→ Data supplied:

*****

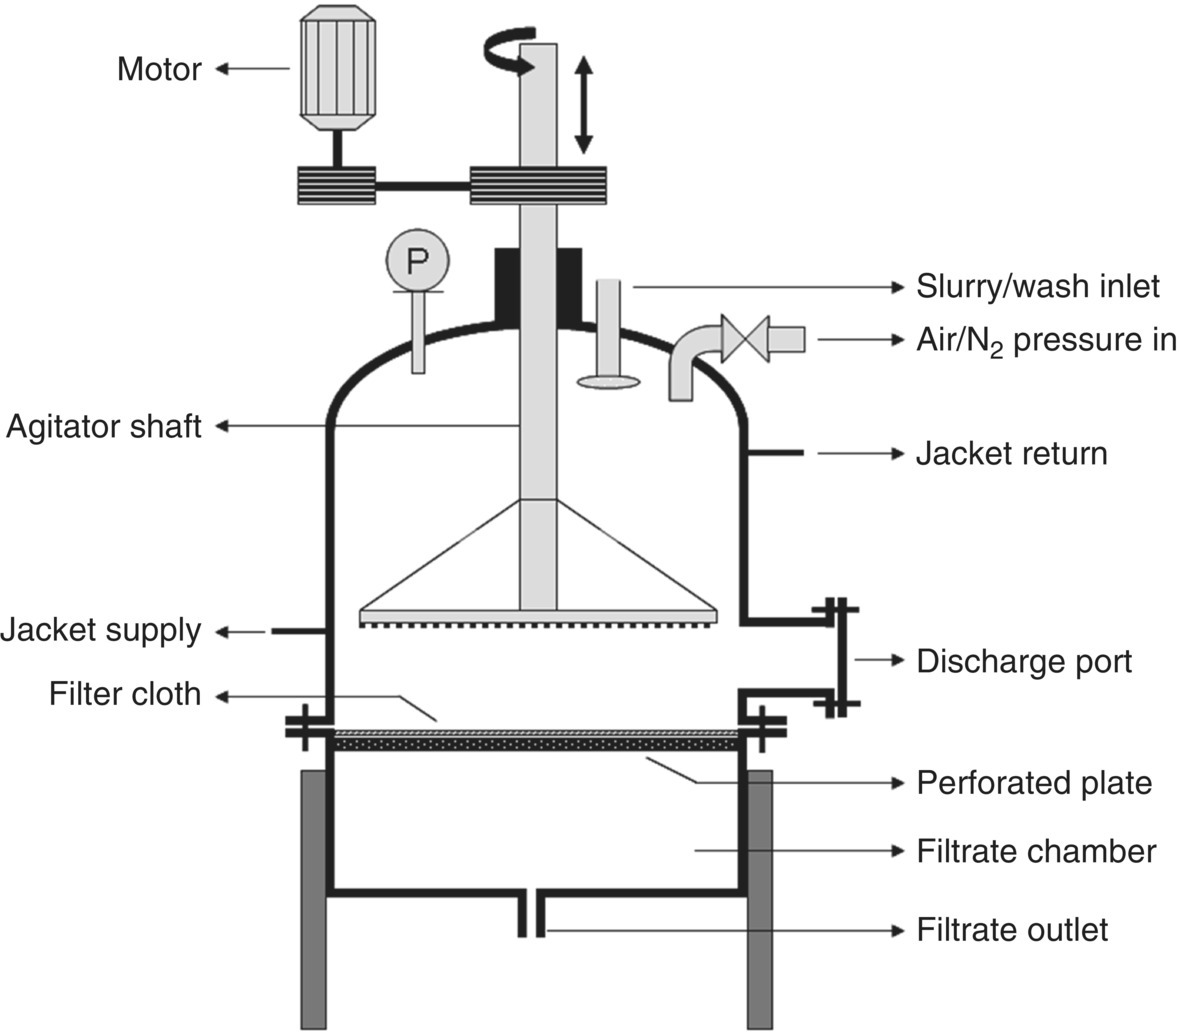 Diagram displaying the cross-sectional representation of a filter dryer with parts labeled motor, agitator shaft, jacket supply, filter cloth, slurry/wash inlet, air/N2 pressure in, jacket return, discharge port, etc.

*****

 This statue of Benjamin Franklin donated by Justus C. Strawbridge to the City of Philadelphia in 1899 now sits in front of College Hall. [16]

*****

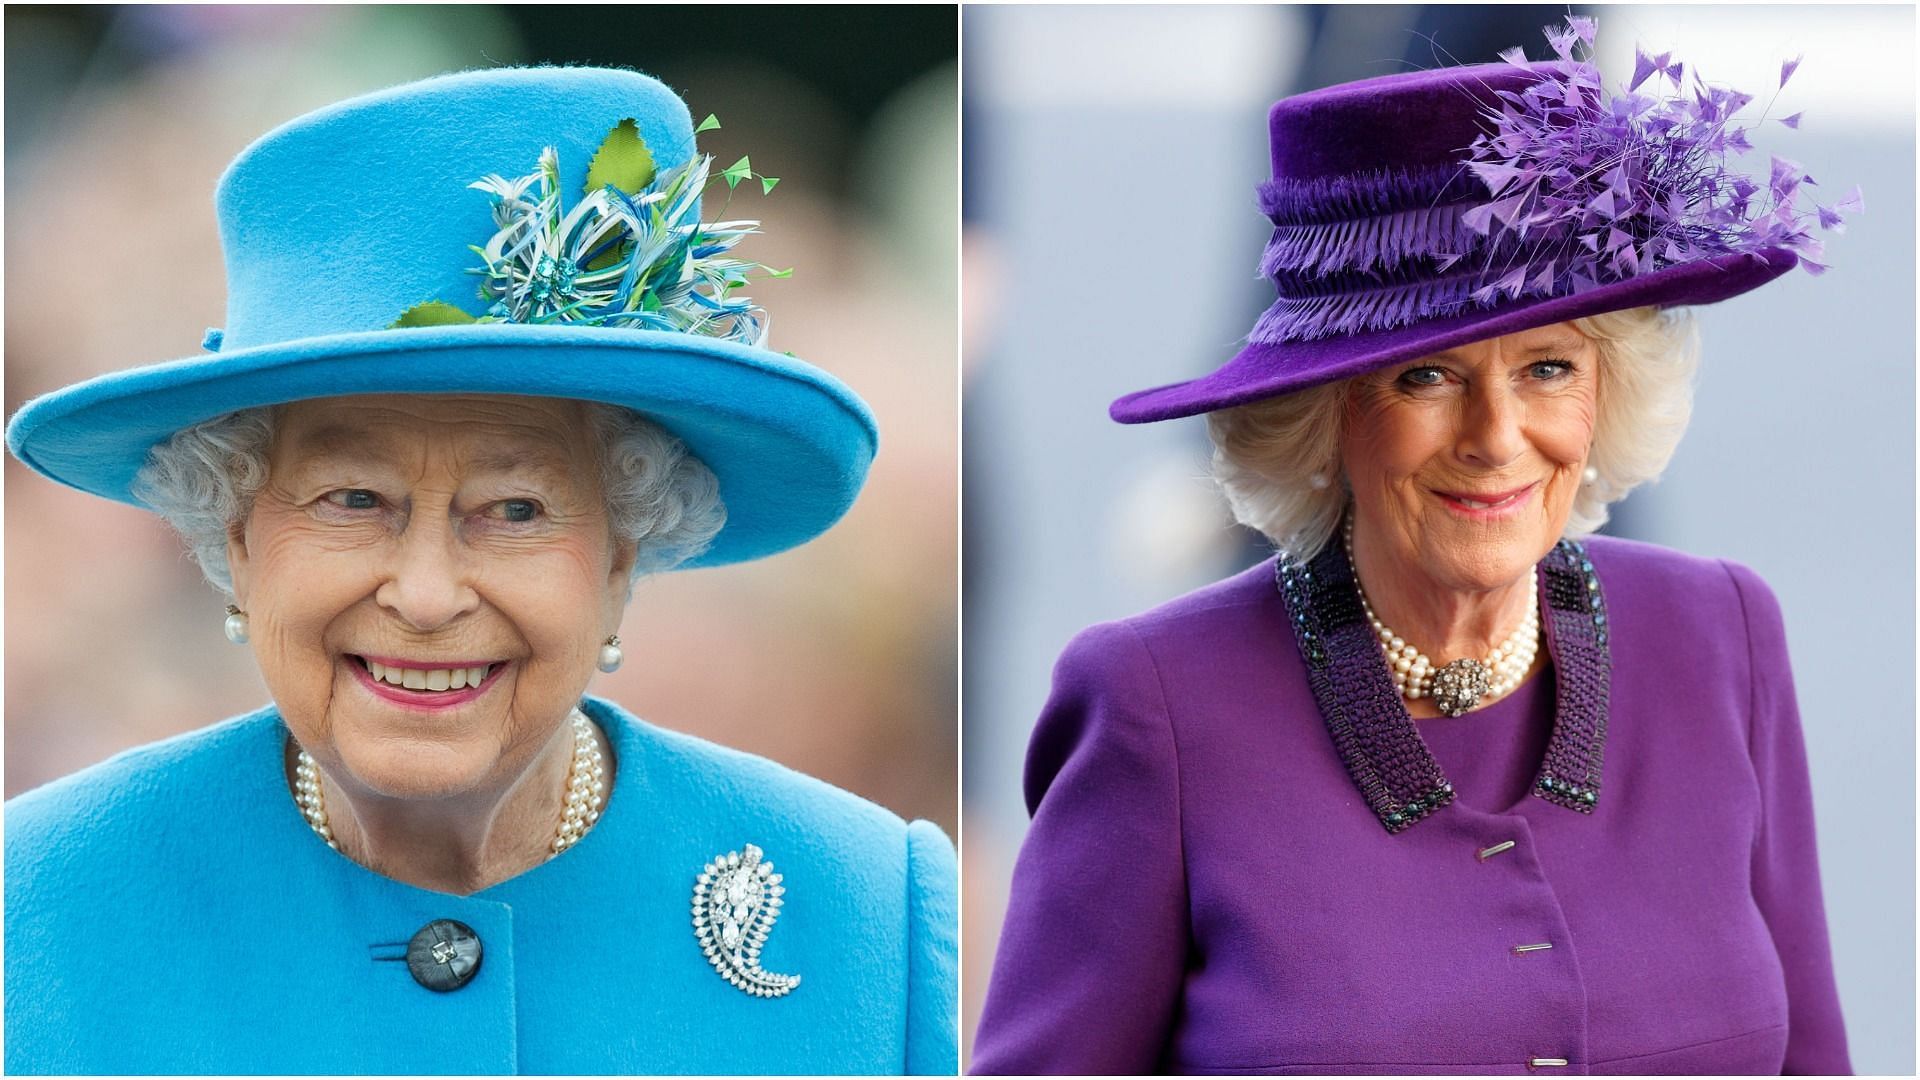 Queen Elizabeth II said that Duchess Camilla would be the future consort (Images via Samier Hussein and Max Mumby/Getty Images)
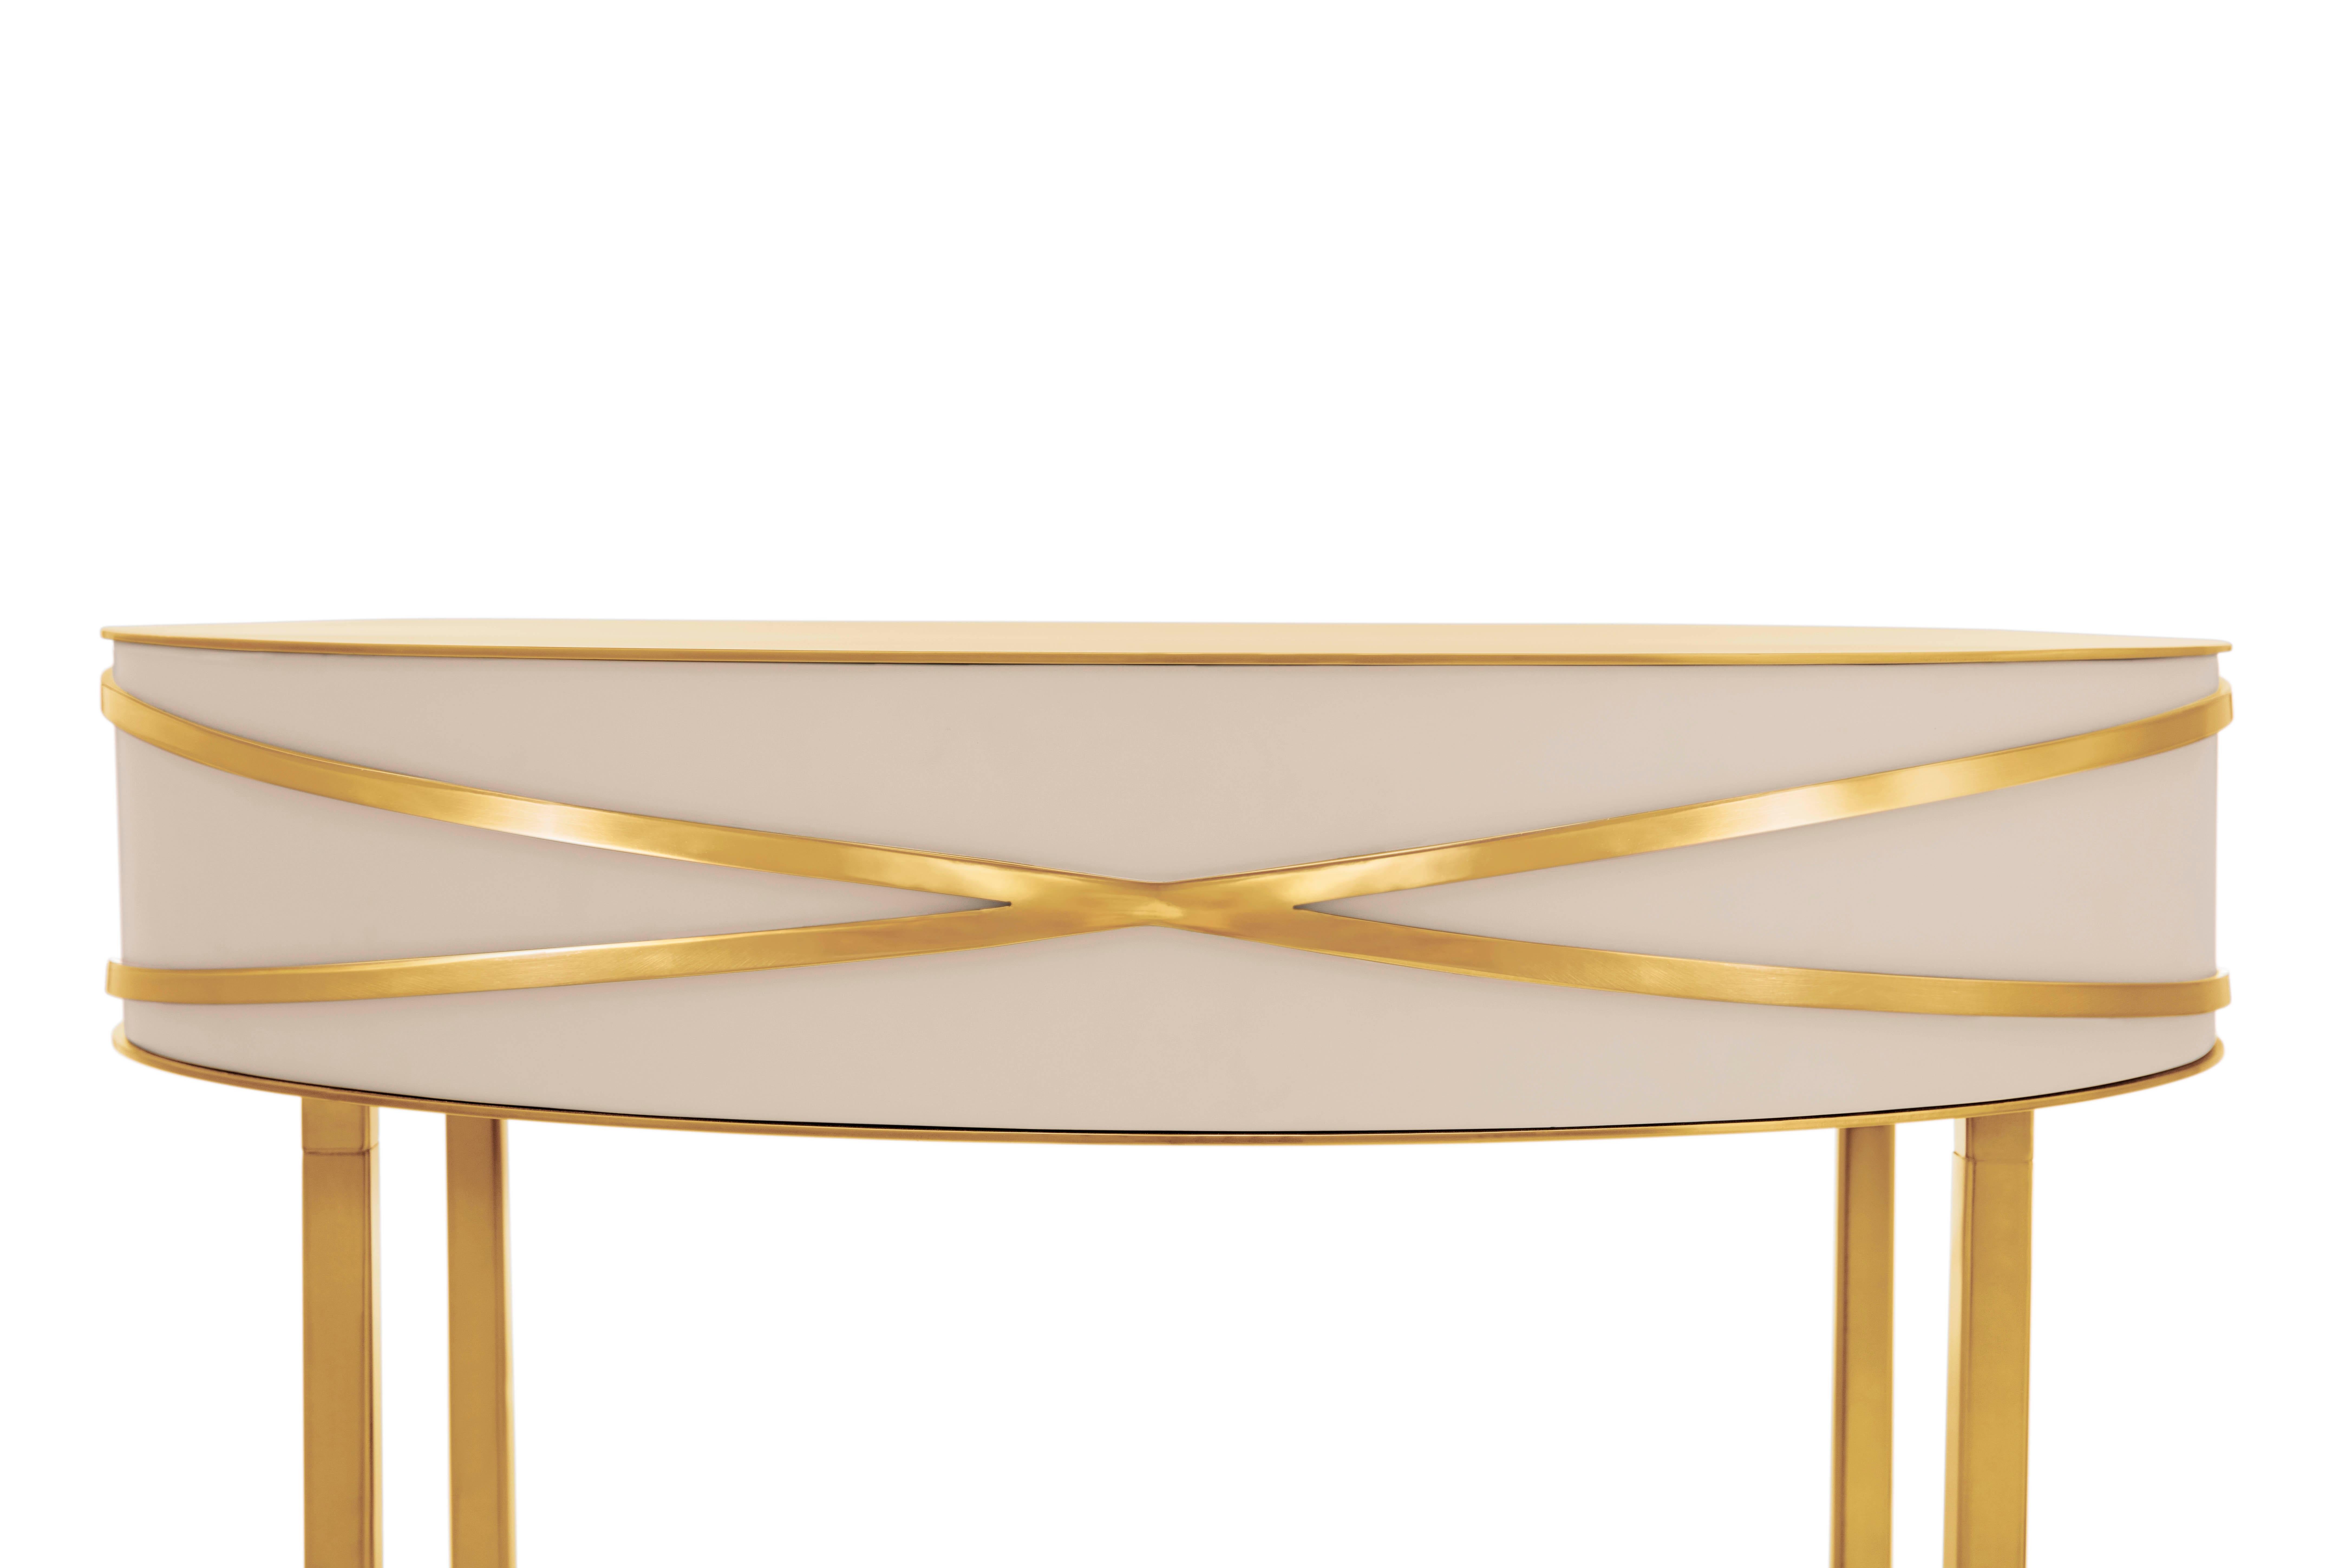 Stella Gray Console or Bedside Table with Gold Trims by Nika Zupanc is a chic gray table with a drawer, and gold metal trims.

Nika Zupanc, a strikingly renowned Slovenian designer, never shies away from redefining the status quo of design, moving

*****

→ What you need to do:
Would you output only the span of the records above that opens with the line containing "Stella Gray Console" and closes with the line containing "Nika Zupanc, a", ends included and pictures dropped?

→ Answer to the problem:
 Stella Gray Console or Bedside Table with Gold Trims by Nika Zupanc is a chic gray table with a drawer, and gold metal trims.

Nika Zupanc, a strikingly renowned Slovenian designer, never shies away from redefining the status quo of design, moving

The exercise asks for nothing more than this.